Data extract:
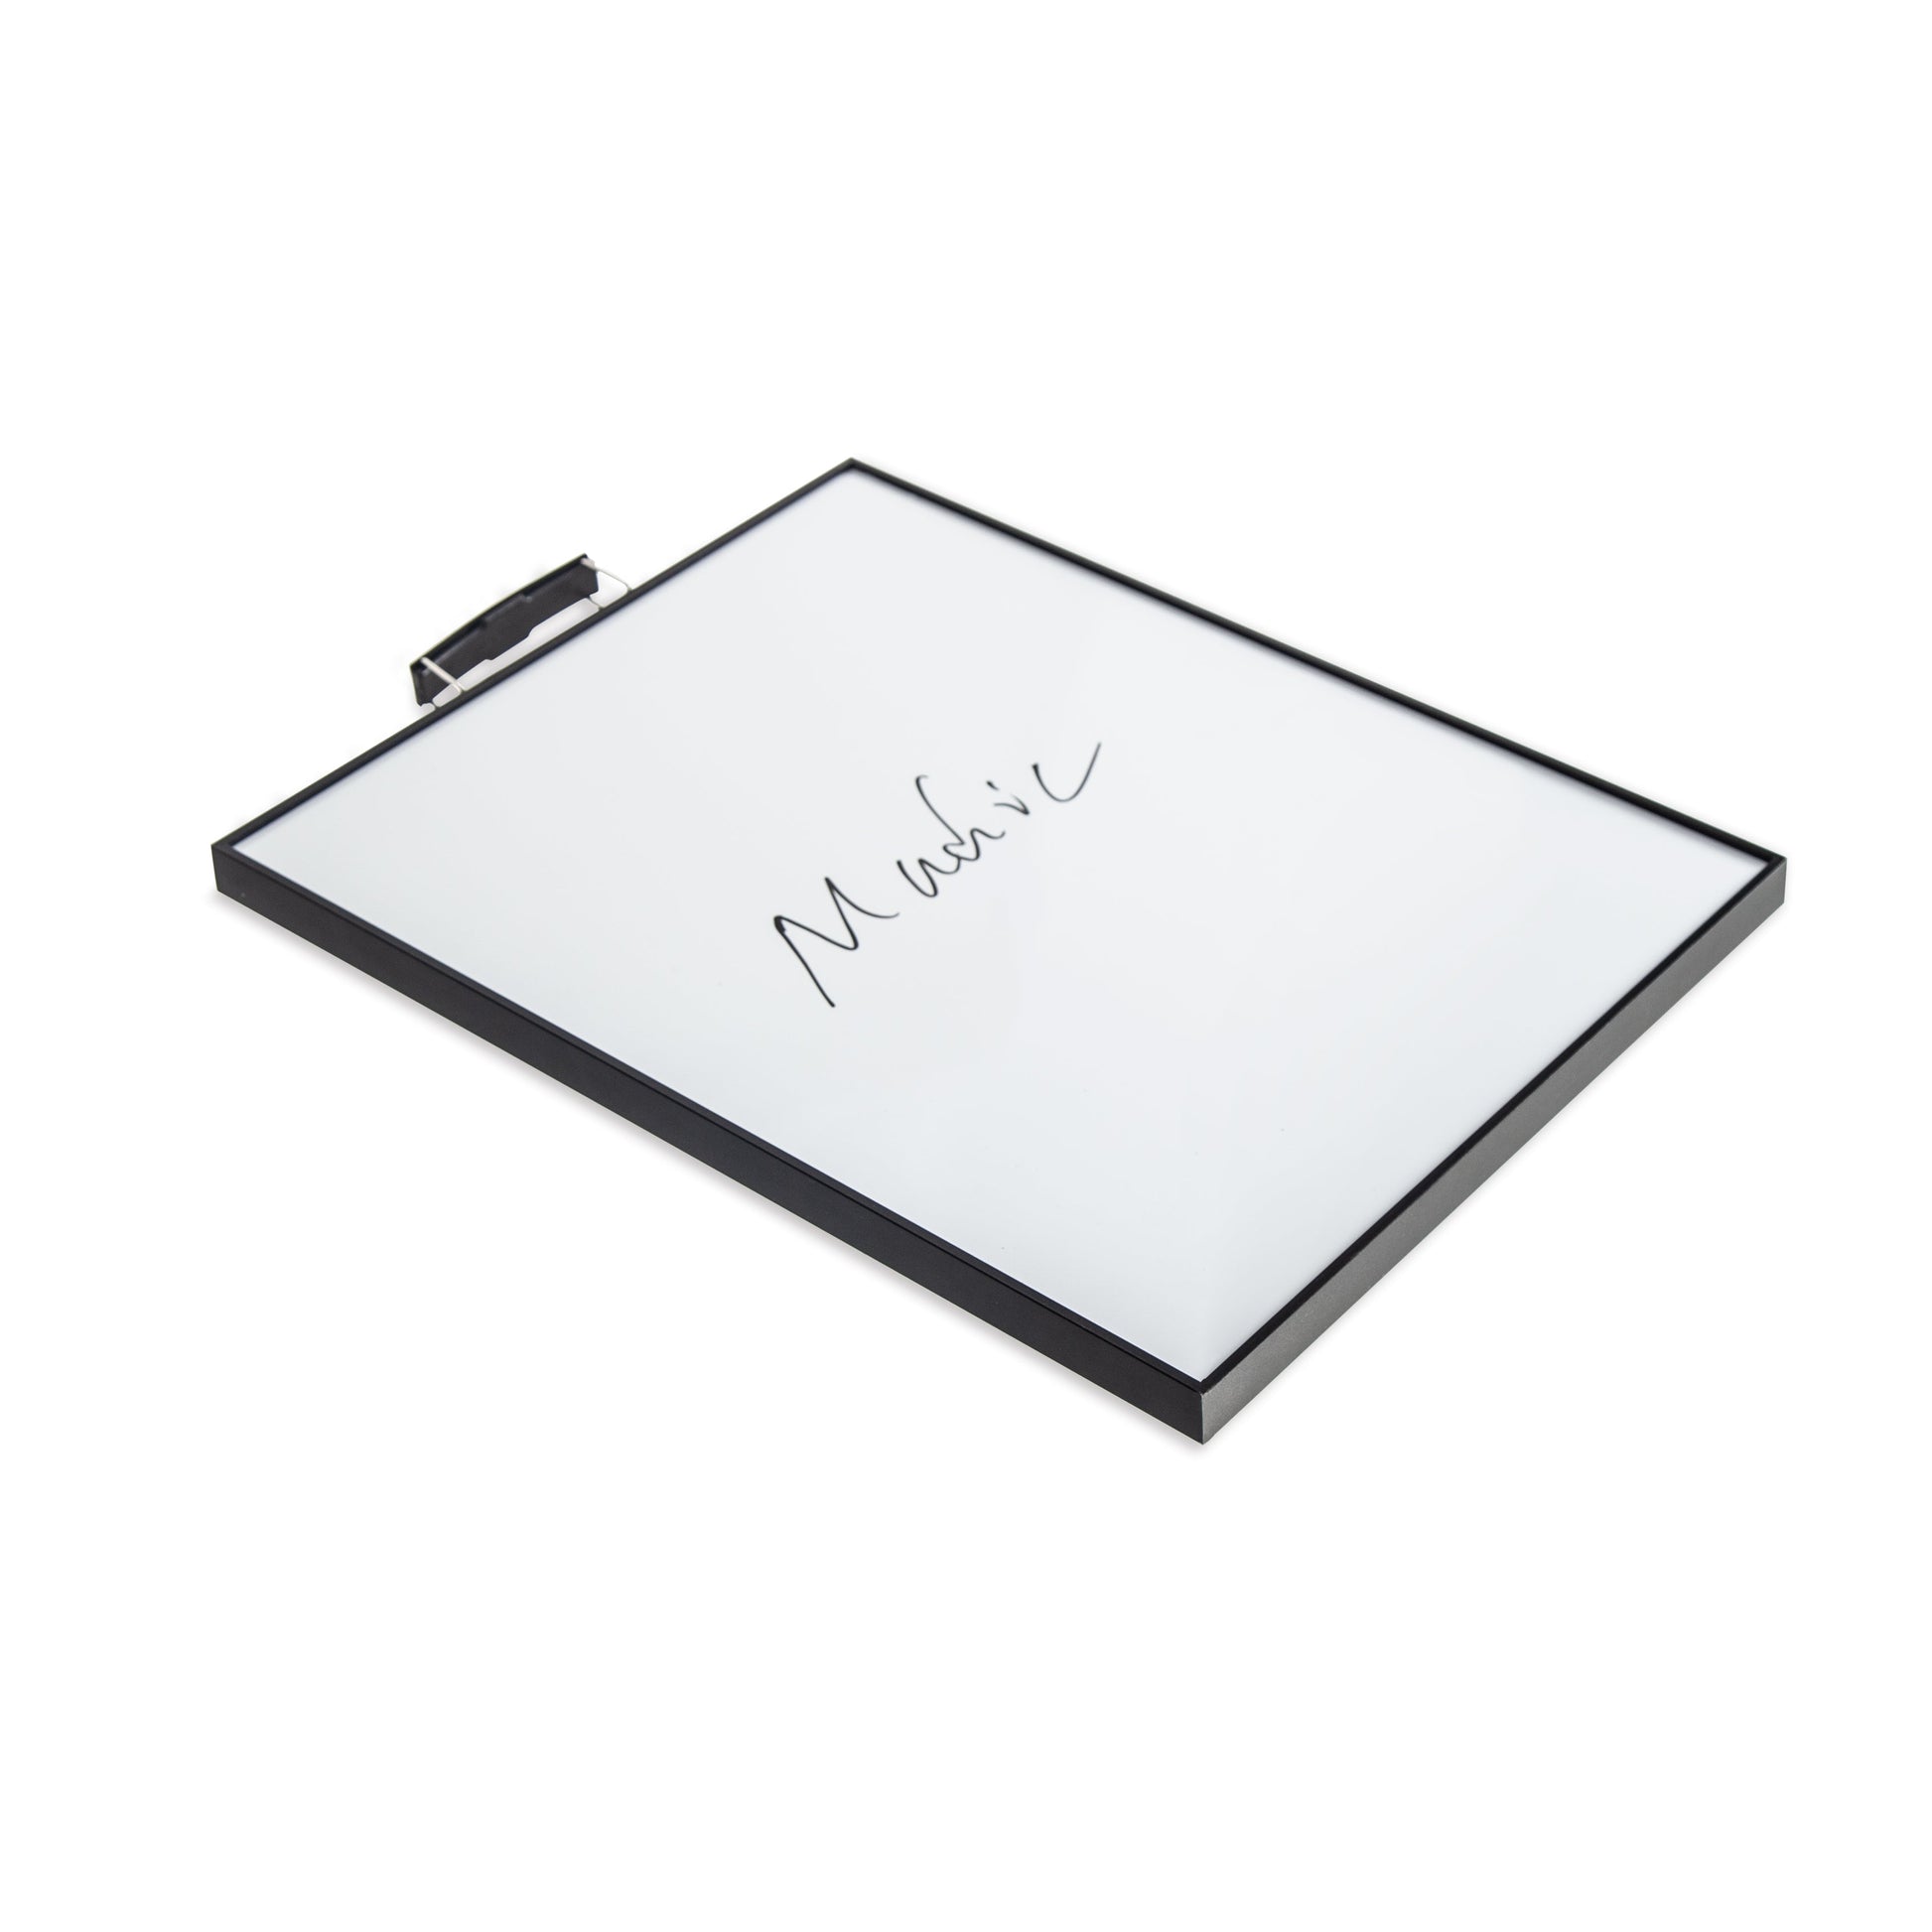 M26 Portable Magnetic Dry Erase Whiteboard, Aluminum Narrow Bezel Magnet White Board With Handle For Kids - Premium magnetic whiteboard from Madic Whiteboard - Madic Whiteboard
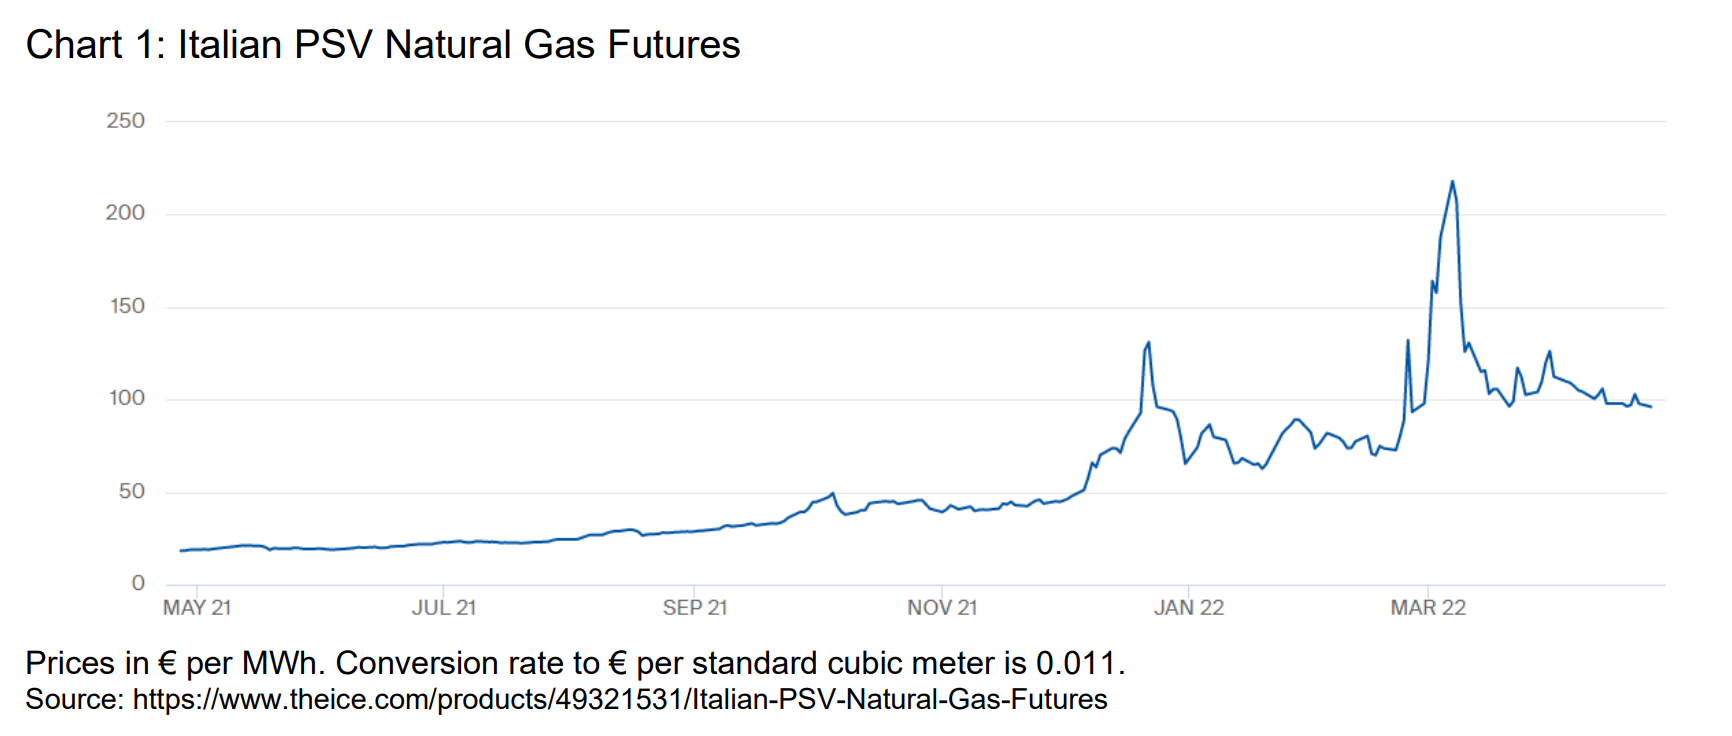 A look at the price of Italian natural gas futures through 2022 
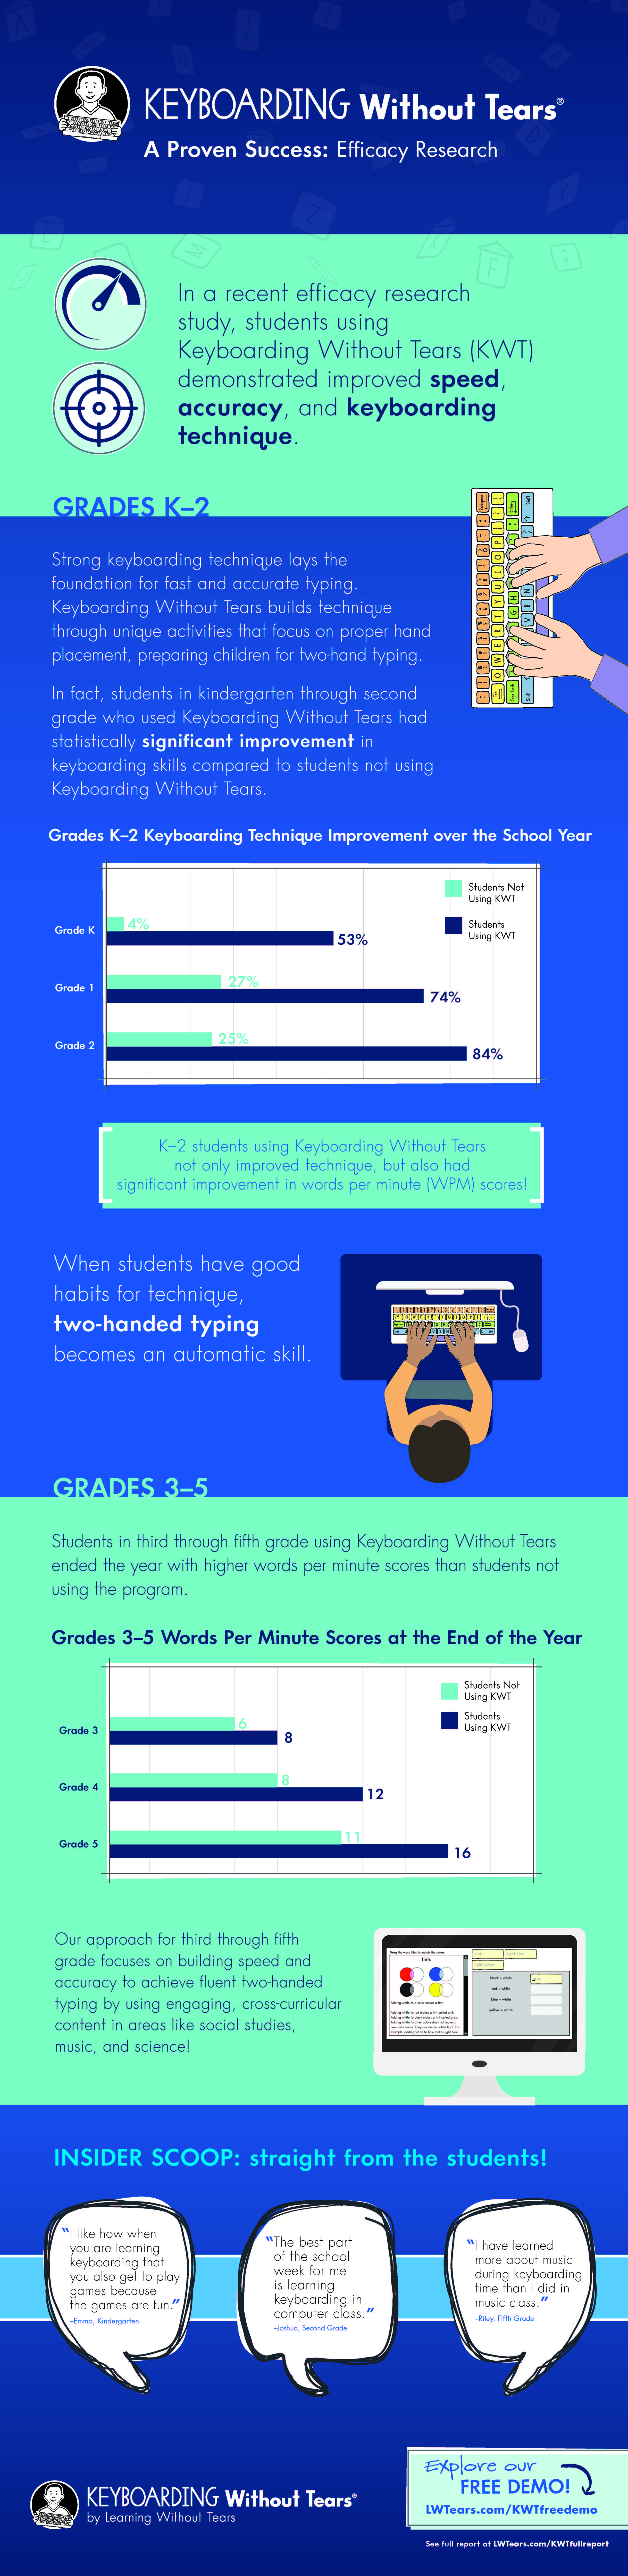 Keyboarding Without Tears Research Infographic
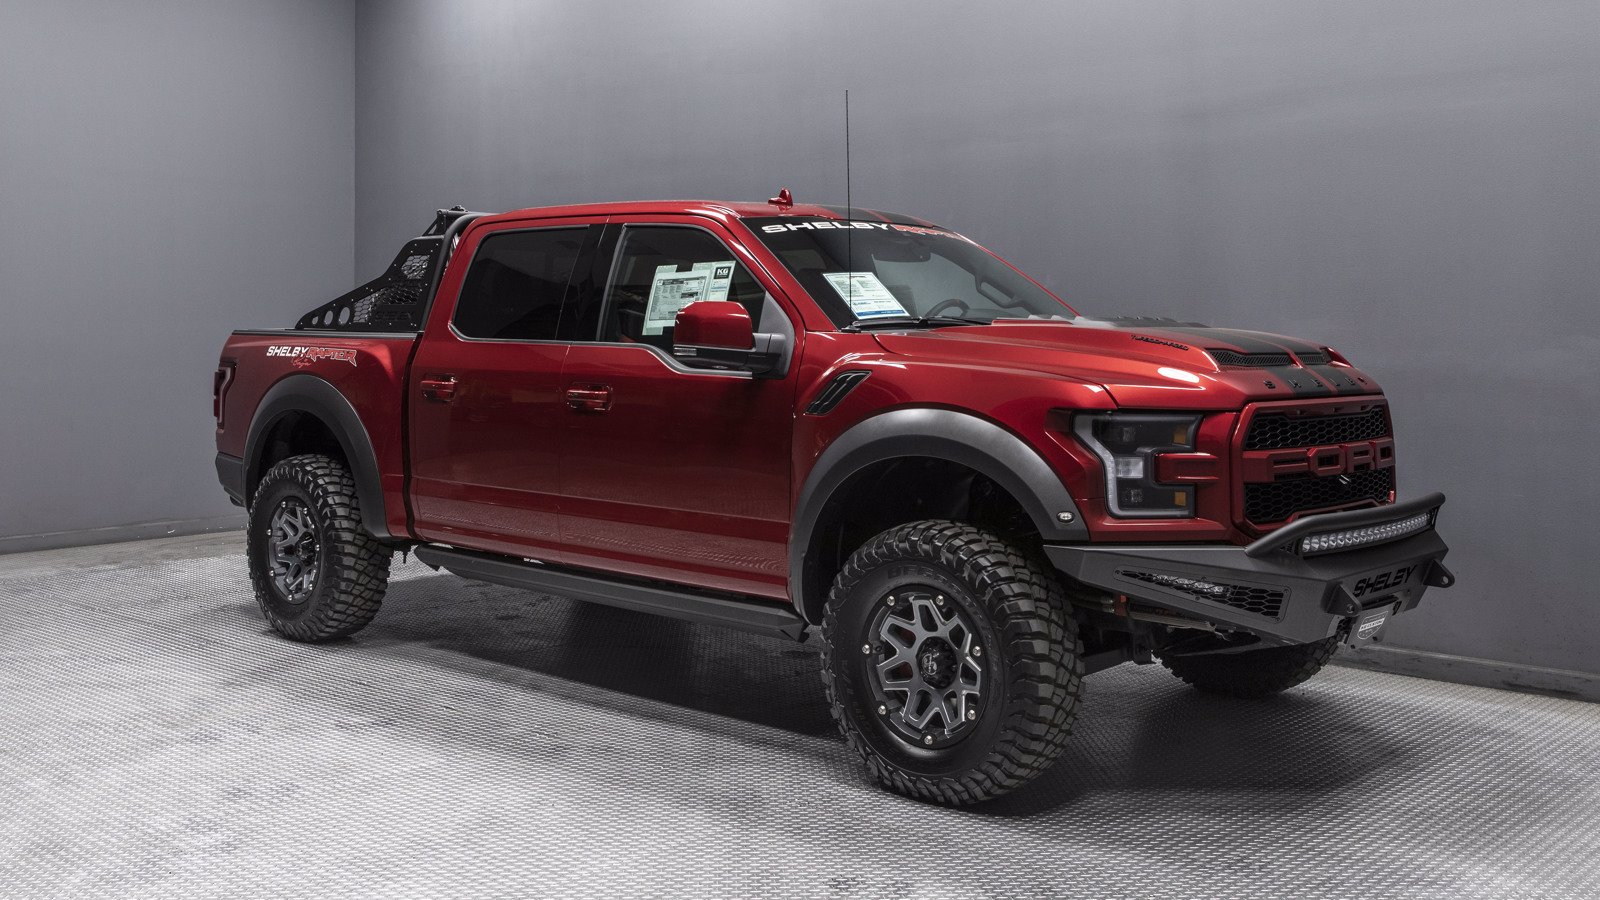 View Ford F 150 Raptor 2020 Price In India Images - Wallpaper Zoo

What the task requires: Copy the material above word for word, images excluded.

Response box:
 M26 Portable Magnetic Dry Erase Whiteboard, Aluminum Narrow Bezel Magnet White Board With Handle For Kids - Premium magnetic whiteboard from Madic Whiteboard - Madic Whiteboard
 A look at the price of Italian natural gas futures through 2022 
 Keyboarding Without Tears Research Infographic
 View Ford F 150 Raptor 2020 Price In India Images - Wallpaper Zoo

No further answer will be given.